Wherever a picture appears in the listing below, leave it out and reproduce the rest exactly.

BEGIN Dataset extract

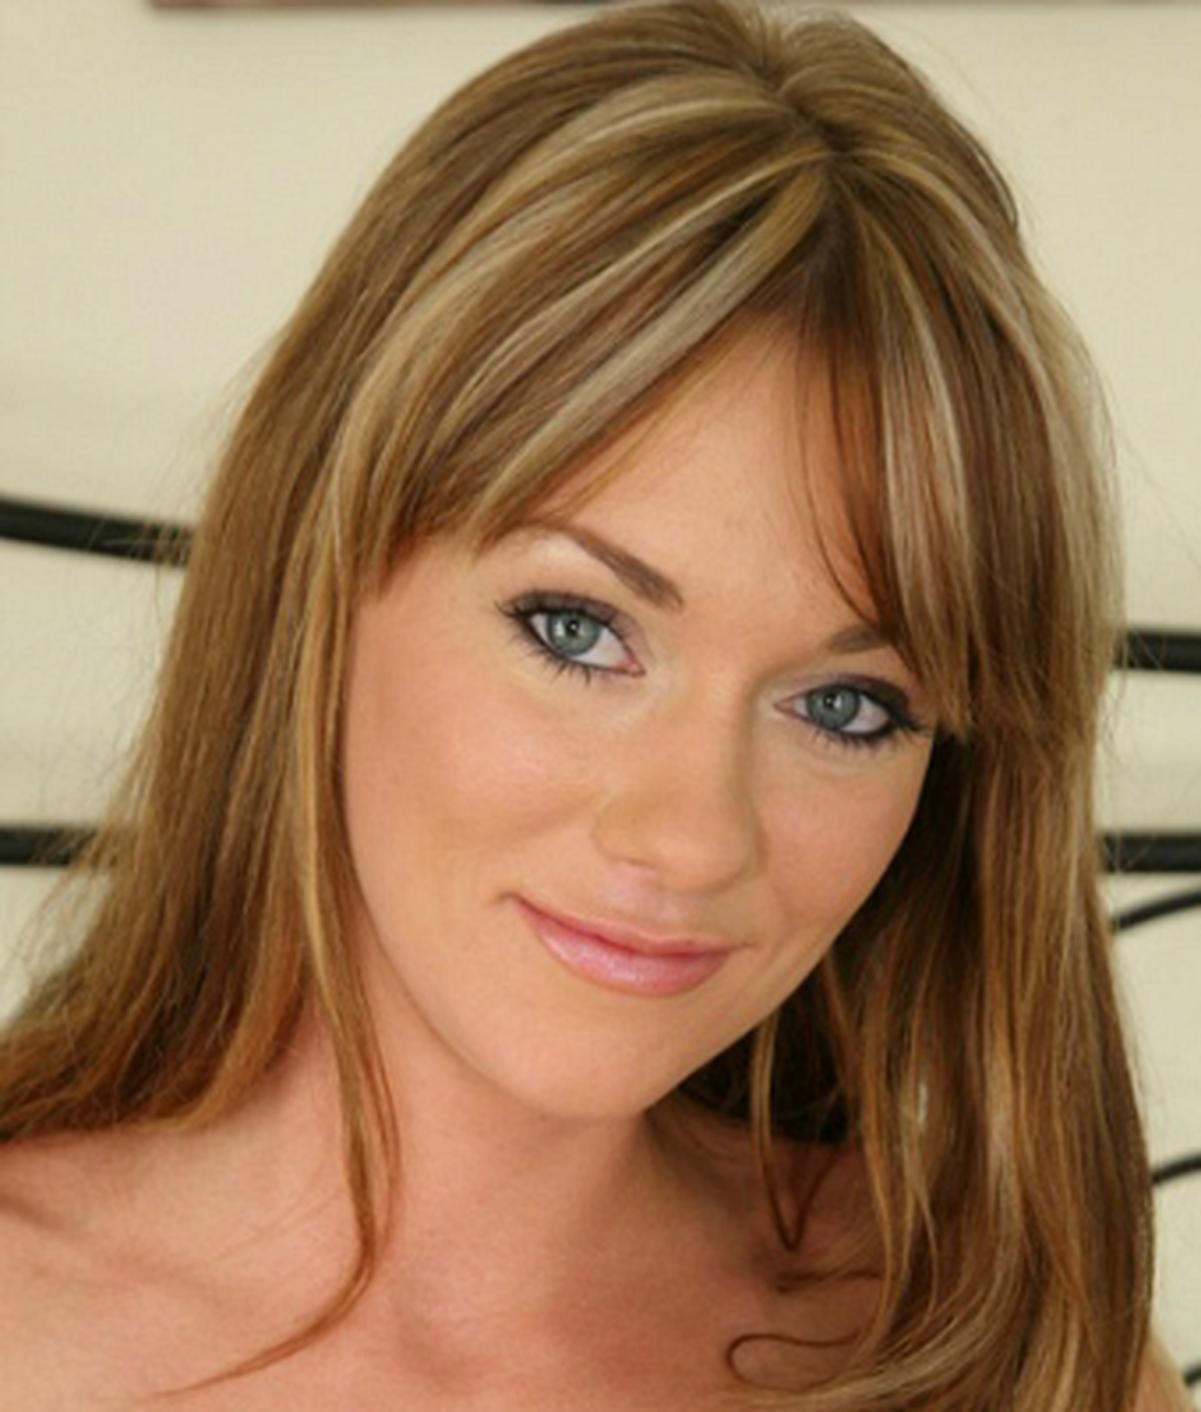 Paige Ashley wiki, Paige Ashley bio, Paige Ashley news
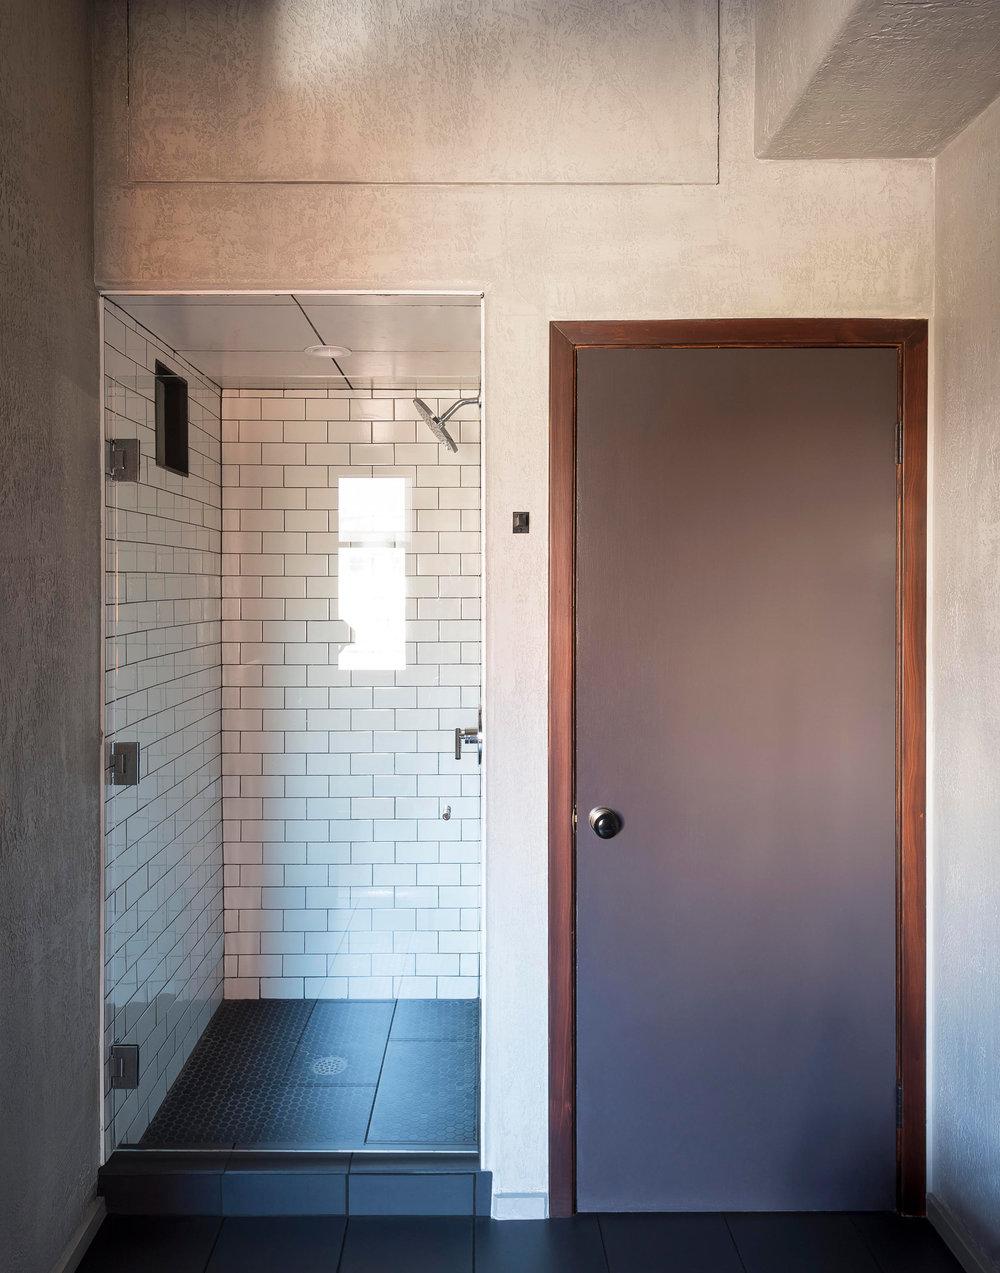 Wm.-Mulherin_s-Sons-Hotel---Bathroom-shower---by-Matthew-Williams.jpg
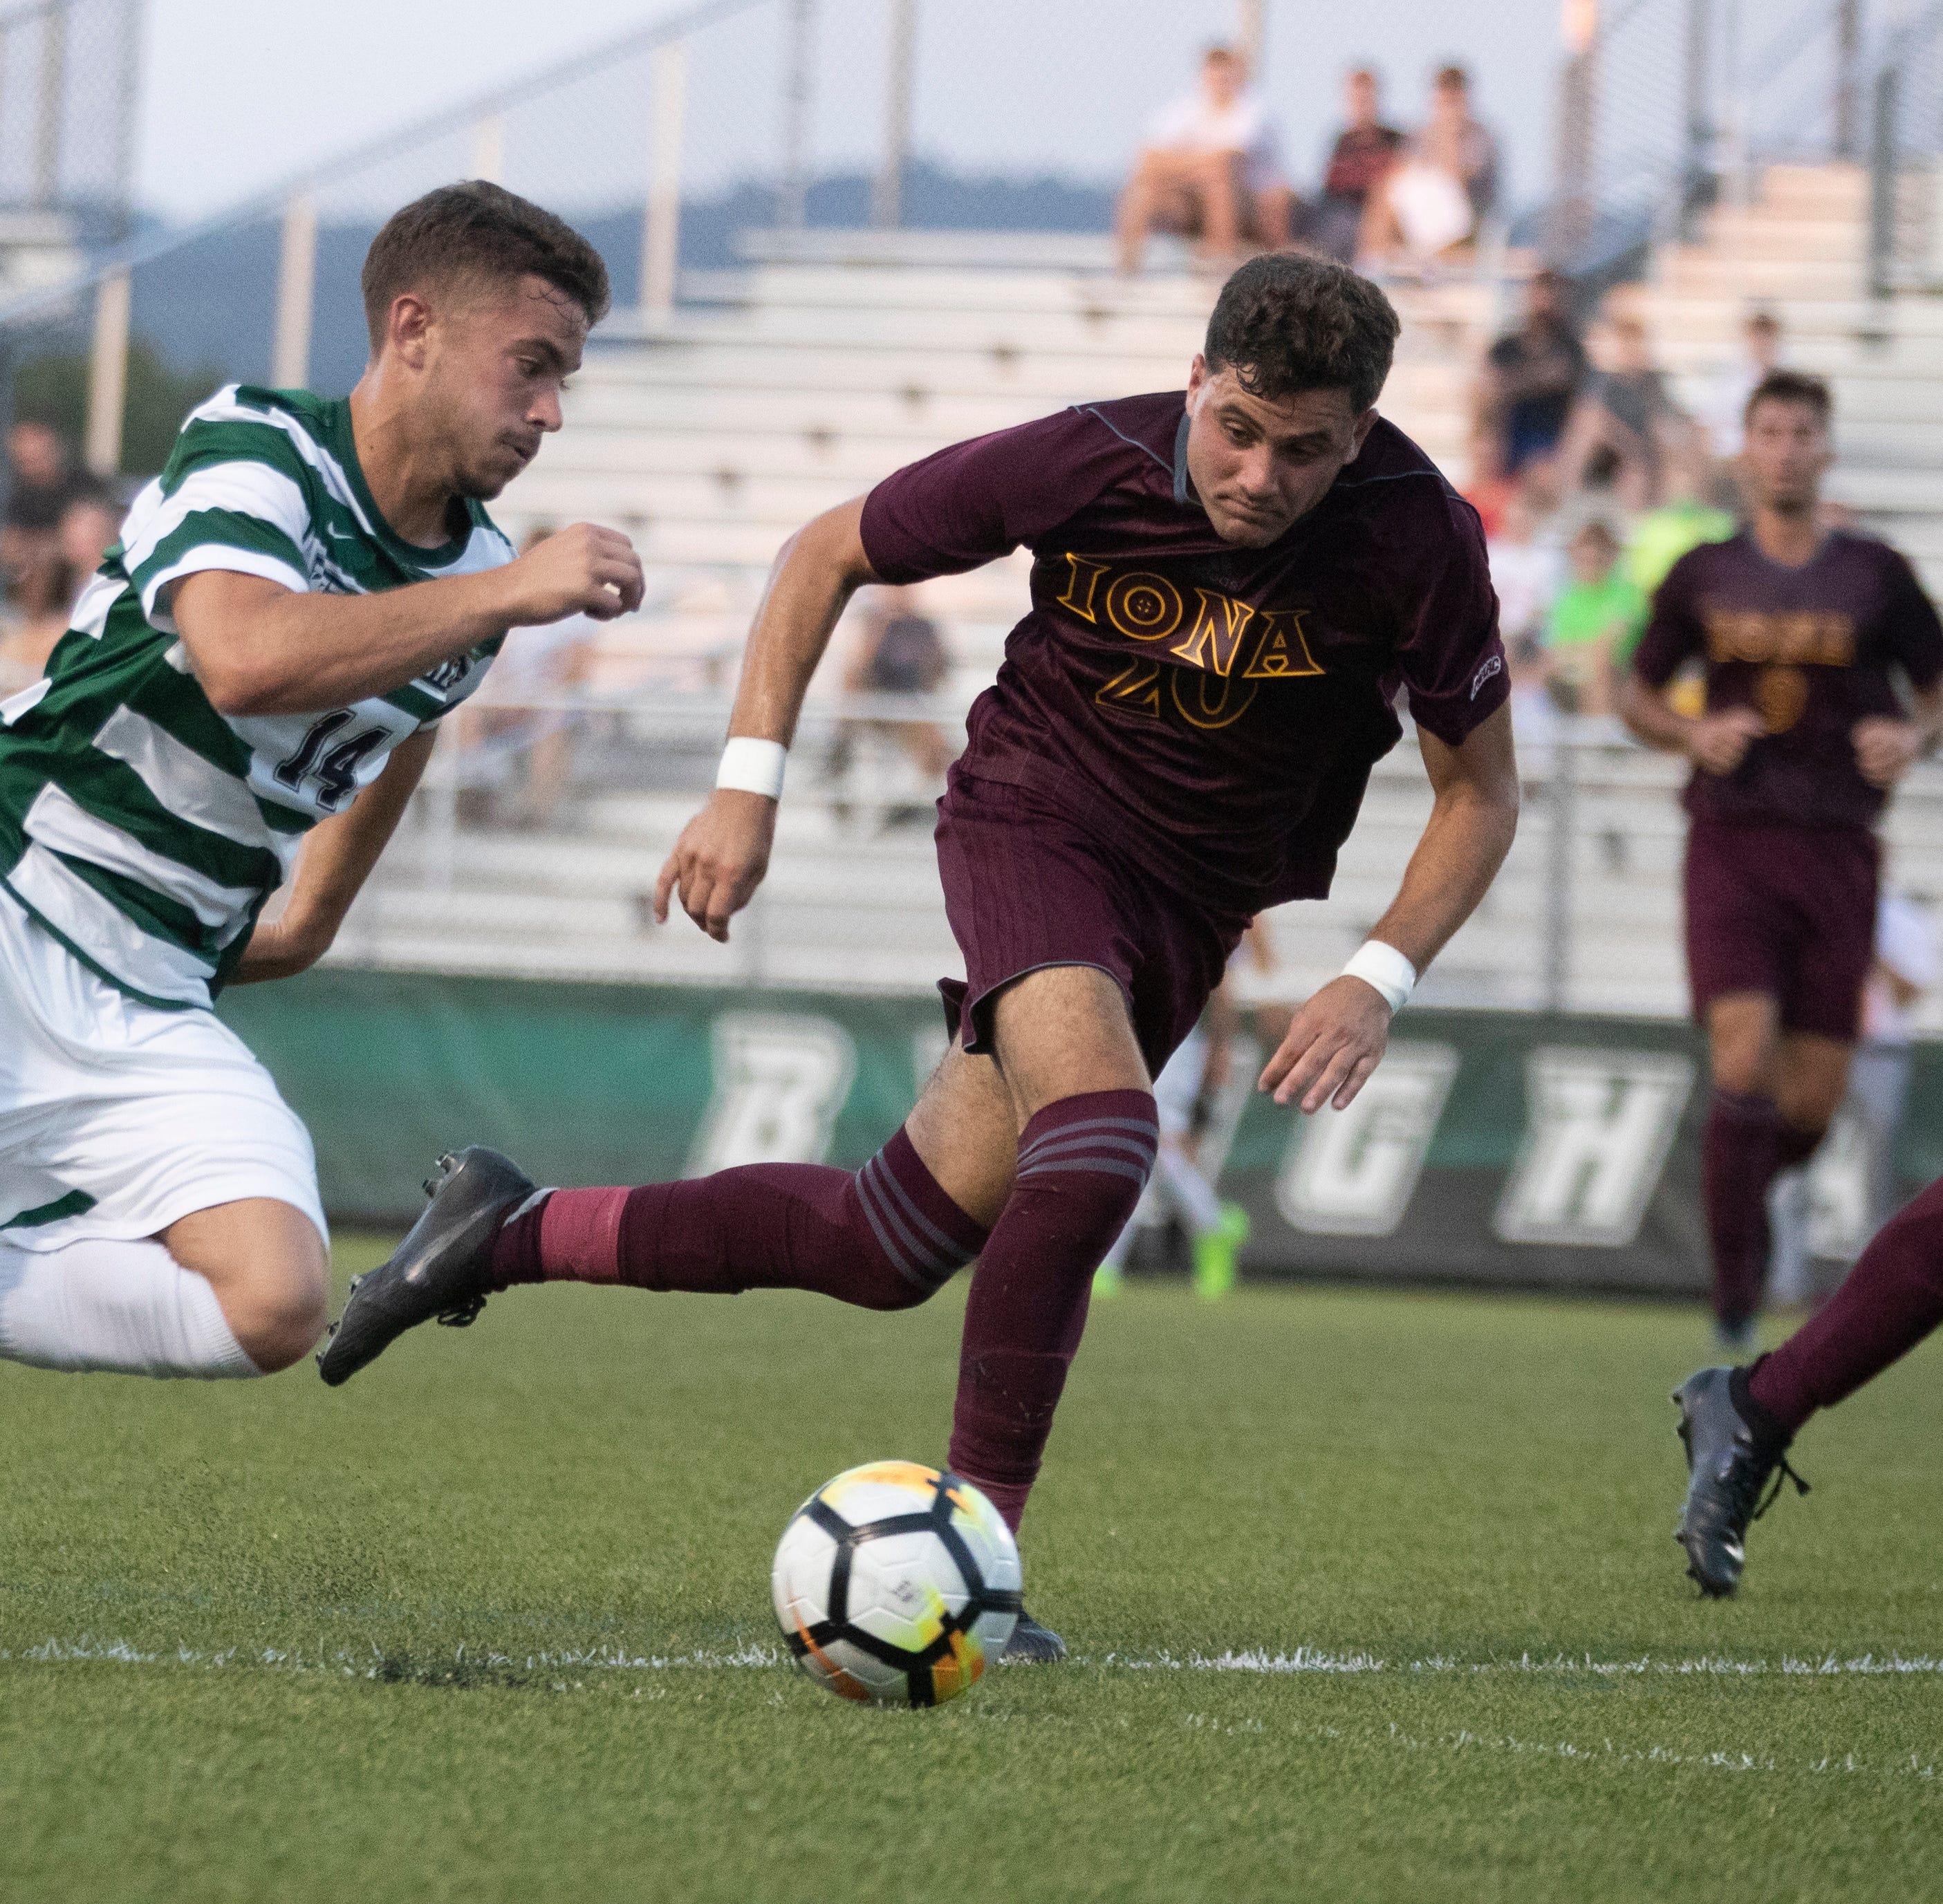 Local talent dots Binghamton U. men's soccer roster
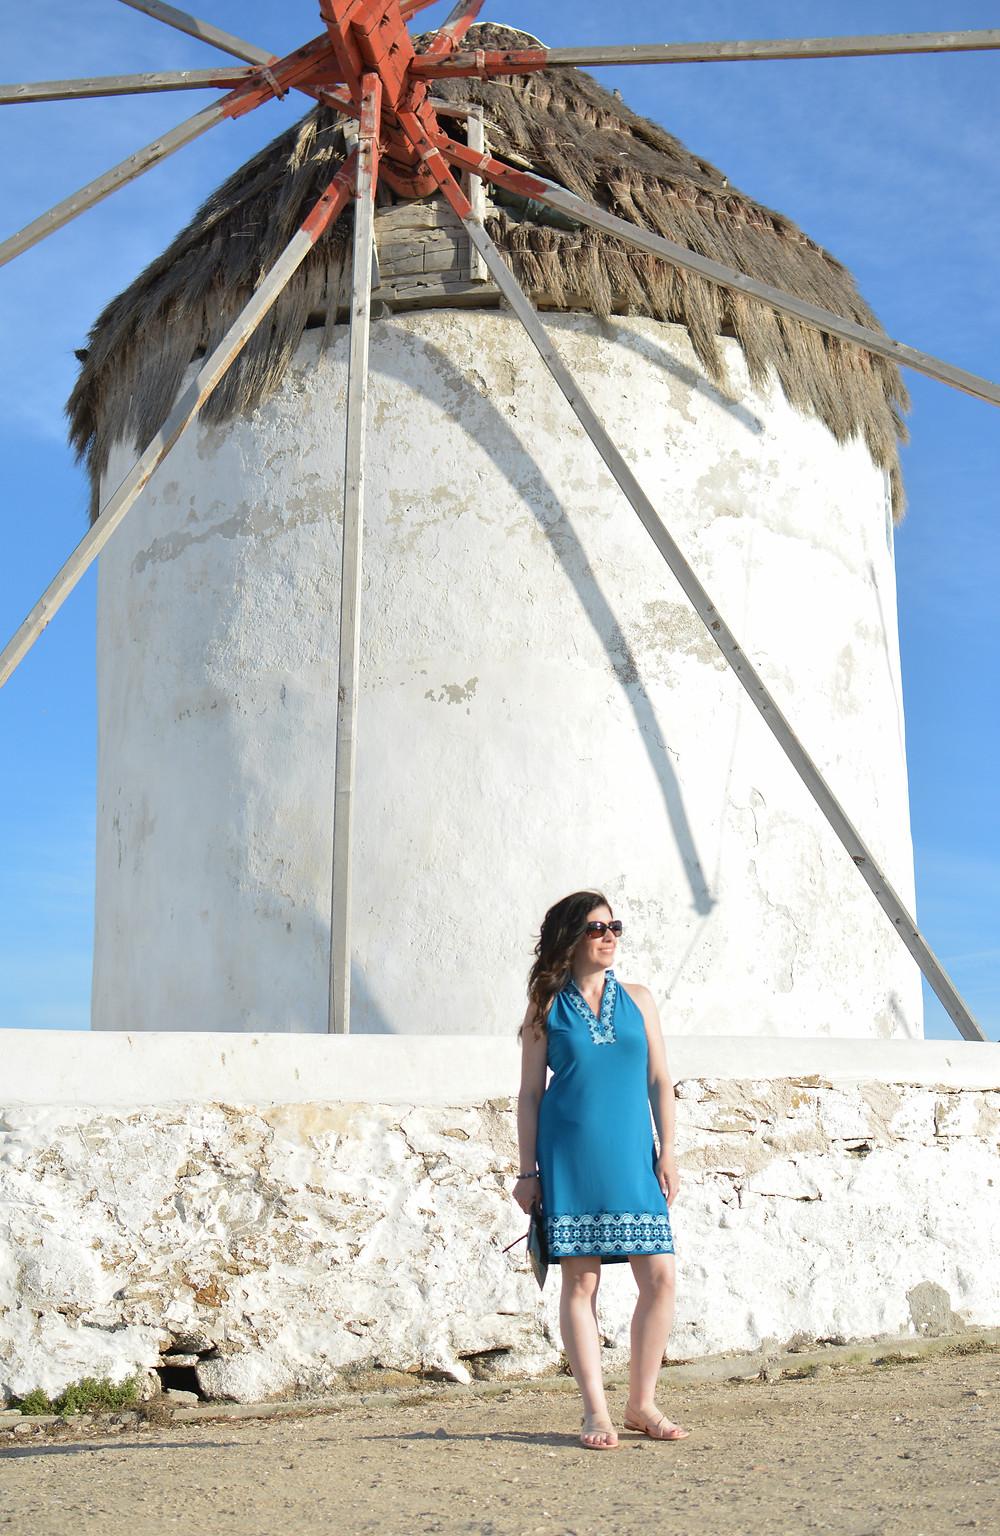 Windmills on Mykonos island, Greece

END Dataset extract

**Solution to this task:**
 Paige Ashley wiki, Paige Ashley bio, Paige Ashley news
 Wm.-Mulherin_s-Sons-Hotel---Bathroom-shower---by-Matthew-Williams.jpg
 Local talent dots Binghamton U. men's soccer roster
 Windmills on Mykonos island, Greece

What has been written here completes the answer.